What? Evangeline was furious now. She was a mother and she needed to get home to her sons. Whatever this lady tried to do, Evangeline was going to fight tooth and nail. “Stop playing games. Who the fuck are you and what do you want?” Evangeline snapped.
A slow smile crept up her pale face. “Now there's the great granddaughter I want to see.”
Evangeline flinched. “What?”
“You don’t see a resemblance?” she asked expectantly, raising a thin eyebrow. “Mmm, I’m afraid I’m past my prime.” She stepped closer to Evangeline. “I’m your great grandmother, dear, on your mother’s side of course. Goddess knows good looks only run on one side of your family.” She scoffed.
I’m losing it! Did she say great grandmother?
Staring hard at the woman in front of her, who freakishly looked like a peculiar imitation of herself, but with deliberate mistakes, Evangeline recoiled inside. This woman’s nose was a bit longer and her mouth was wider than her own, but there was no mistaking the similarities.
Evangeline’s mind was reeling. Her mother was adopted. Could this strange woman actually be related to her?
“Yes, Eva.”
If Evangeline could jump, she would have. Good Lord, had she heard what Evangeline was thinking? “Are…are…you…a witch?”
She smiled again. “Very good,” the woman said as if Evangeline were a child and just said two plus two is four. “My name is Cassandra.” She smiled. “And I believe you are now figuring out what you are.”
Evangeline was struggling to keep her mind clear. Evidently this witch could read her thoughts.
“Now don’t fight it, sweetie. In fact, your thoughts may just be the only thing to keep you alive.”
“You want to kill me?” Evangeline asked, real panic setting in with potency. She tried to recall what she knew about witches, but what she had read was from the werewolves’ perspective. Witches had existed for centuries before the werewolves were made. During medieval times, the werewolf spell was the witches’ curse of choice. It was completely irreversible. What the witches had not anticipated was the werewolves’ ability to procreate at a very high rate.
“You can’t blame me. The first healer in seven hundred years and she’s run off with a werewolf and given birth to two cubs.” The woman’s face turned hard now, veins poked out over her forehead and her eyes became red. “No descendant of mine should have ever allowed this to happen.”

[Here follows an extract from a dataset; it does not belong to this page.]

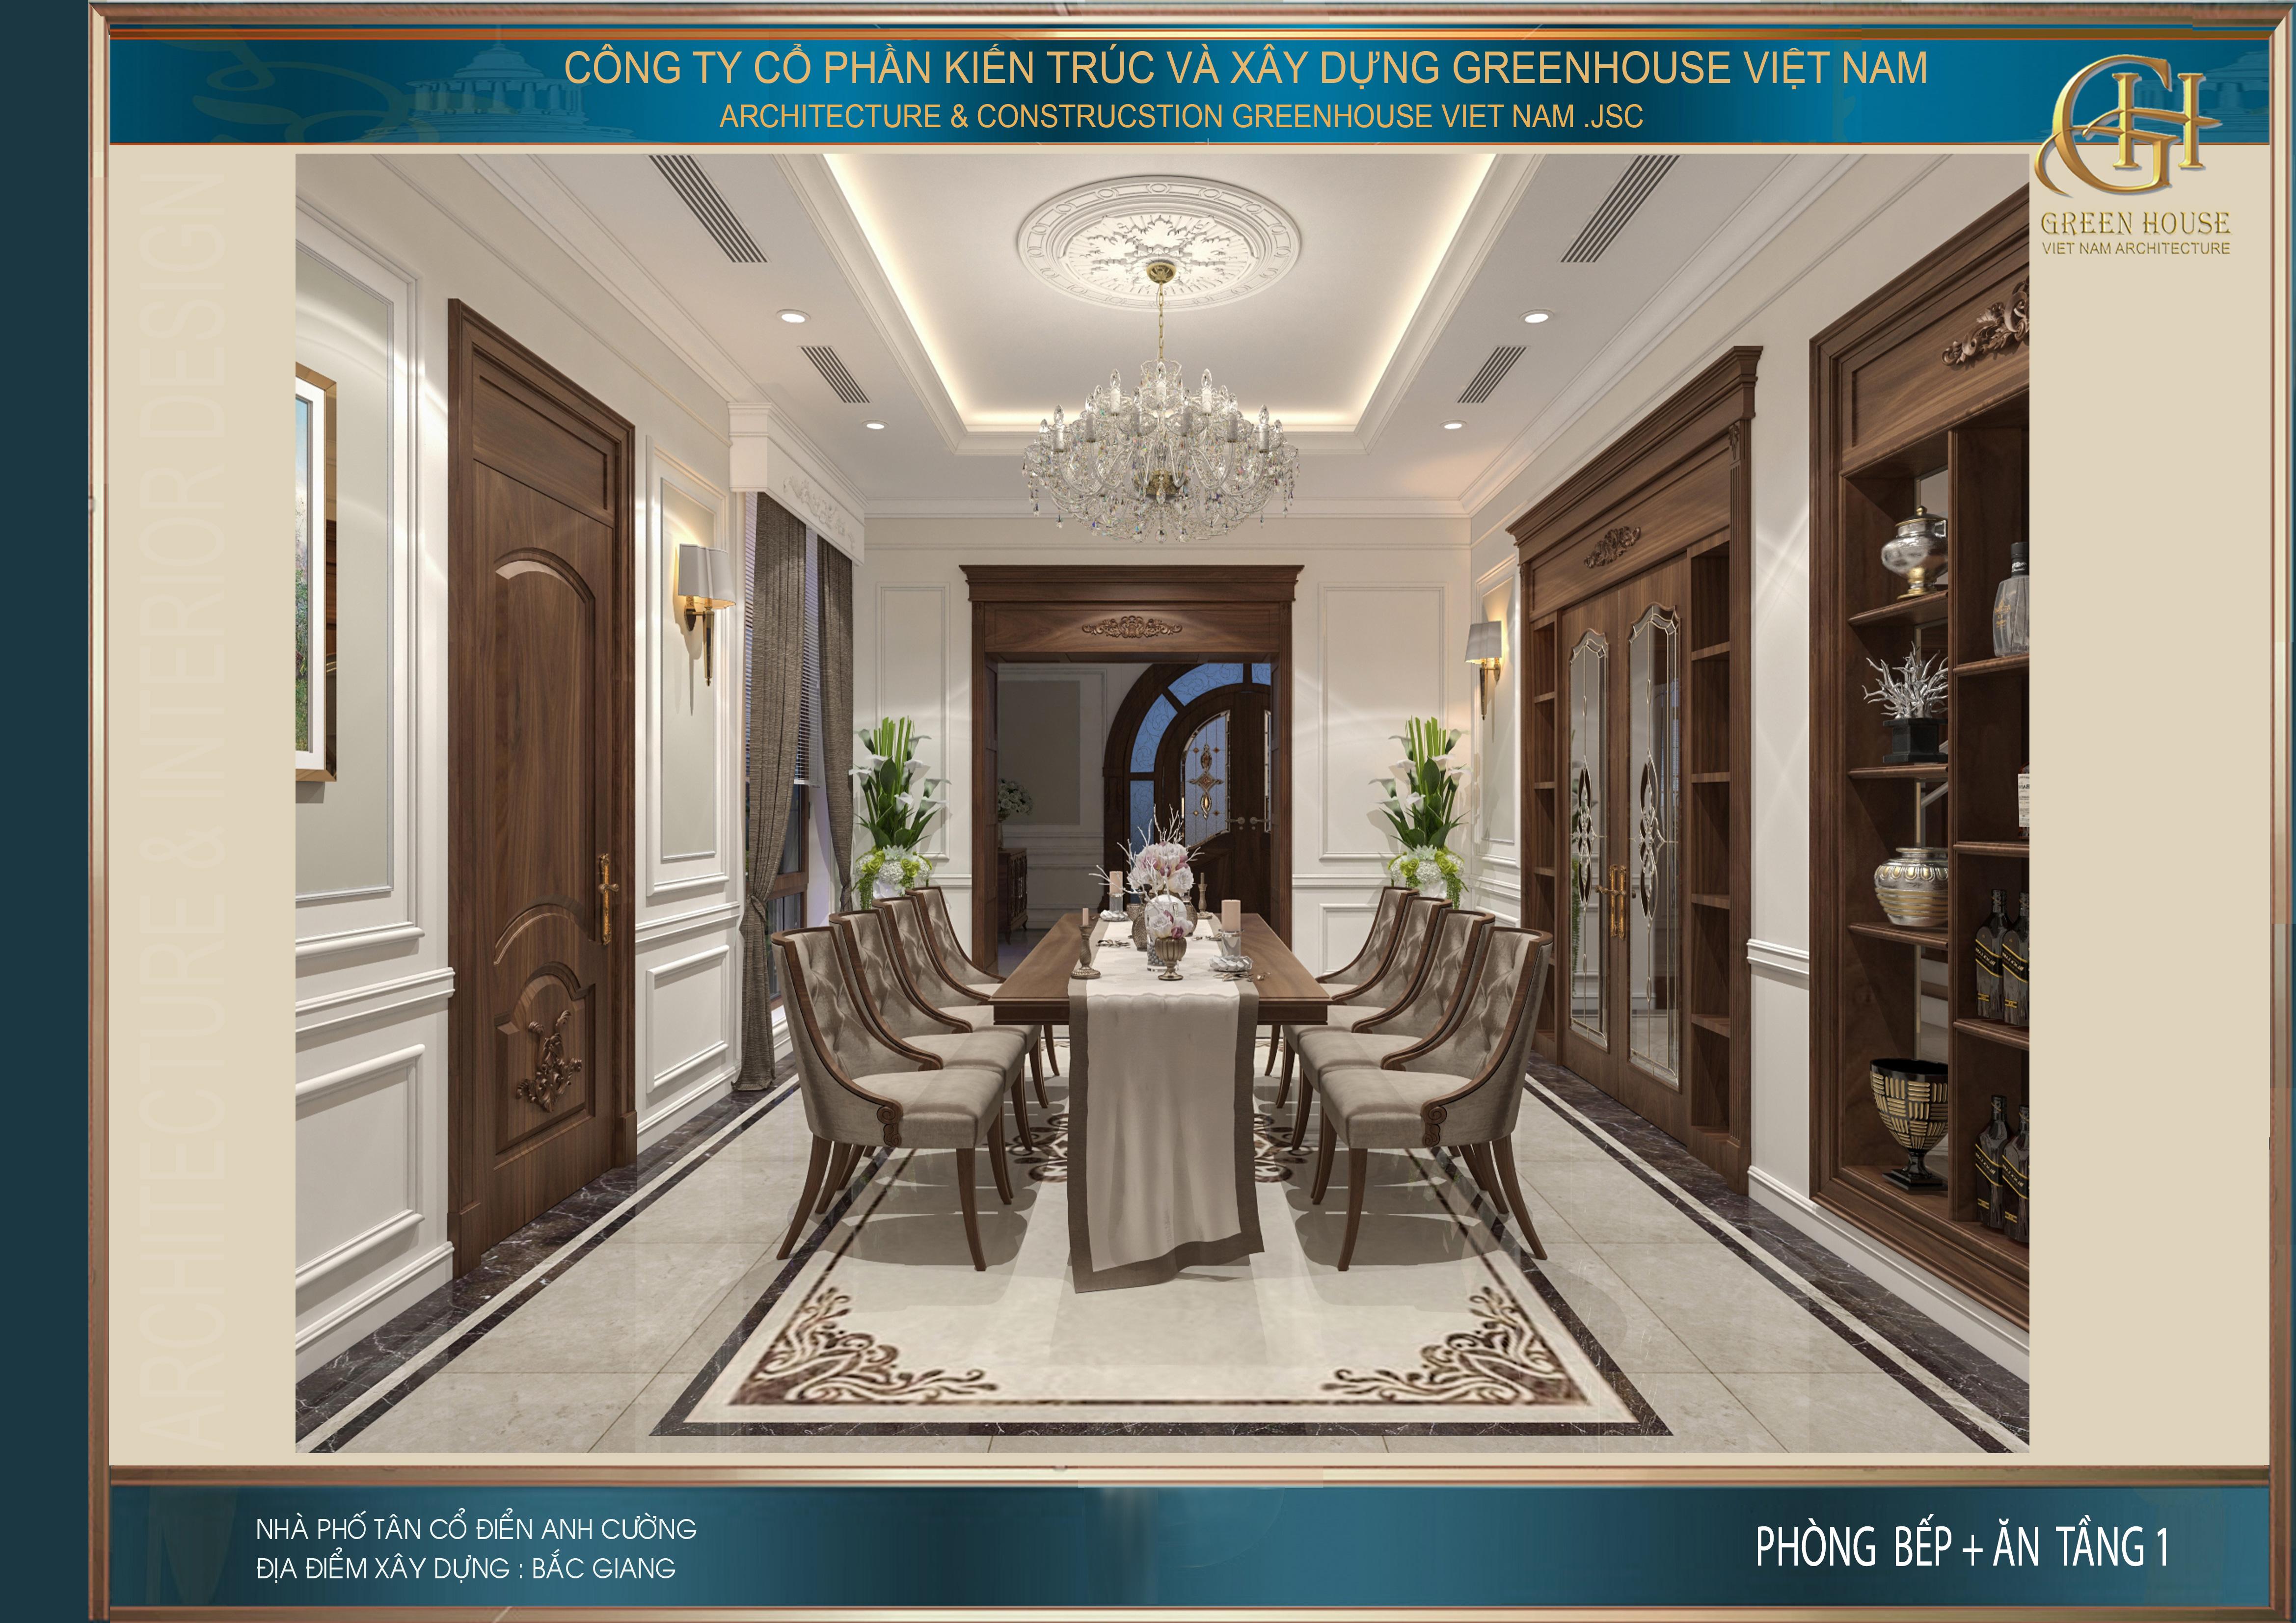 Ngoài ra còn là sự lựa chọn phụ kiện decor đẹp, tinh tế và cao cấp cho phòng ăn thêm sang trọng

Pure terror washed over her now as she watched this woman grow angrier by the second. She understood instantly the predicament she was in. If this actually were her great grandmother, and every fiber of her being told her it was, then would she harm her mother for “allowing” Evangeline to get involved with werewolves?
“Unfortunately, my granddaughter is a fool. However, she did produce a healer so I won’t be harming her any time soon.”
Evangeline stared intently. “I’m a witch?”
The woman’s arched eyebrows shot up again. “Yes, and one with extraordinary potential.”
She didn’t know how to process this information. Deep down she’d known she was…something different.
Her great grandmother took a deep breath. “Witches can do many things, sweetie, but heal. You, however, possess a rare gift.”
“Why would you kill me then?”
She shook her head at her. “Evangeline, there has not been a healer for centuries. You have been blessed with the gift and your insipid mother was to keep you from harm’s way. I was confident you’d be safe in this dull town, but now look at you.”
Evangeline was confused.
“You mated with a werewolf and delivered his offspring. Having children weakens your powers and by extension, weakens you. You’re virtually useless to me now.”
Evangeline filed this away for later. Right now, she had to get the hell away from this witch and back home. She forced herself to not think. There was no way she was going to trust this nut.
Her so-called great grandmother inspected her up and down. “Let me see.”
In a flash, Evangeline’s robe was evaporated from her body. She was completely naked in the cold woods and couldn’t move. “Ah!” she shrieked.
“Mmm…” Her great grandmother murmured. “The resemblance is uncanny.” She circled Evangeline, staring carefully as though she could see beyond skin. “I’m amazed you have regained your figure, although your breasts seem to be a bit swollen. Nevertheless, your powers can be the only reason you’ve managed this.” She came around to peer into her eyes. “You are a fighter, my dear, but I’m afraid your time is up. The damage has been done.”
Please, God. She couldn’t die. She couldn’t leave Adam and their babies alone. They needed her.
Evangeline was about to plead for her life when a roar echoed in the night and a dark, huge figure leaped in front of her, knocking her great grandmother off her feet, and smashing her onto the ground.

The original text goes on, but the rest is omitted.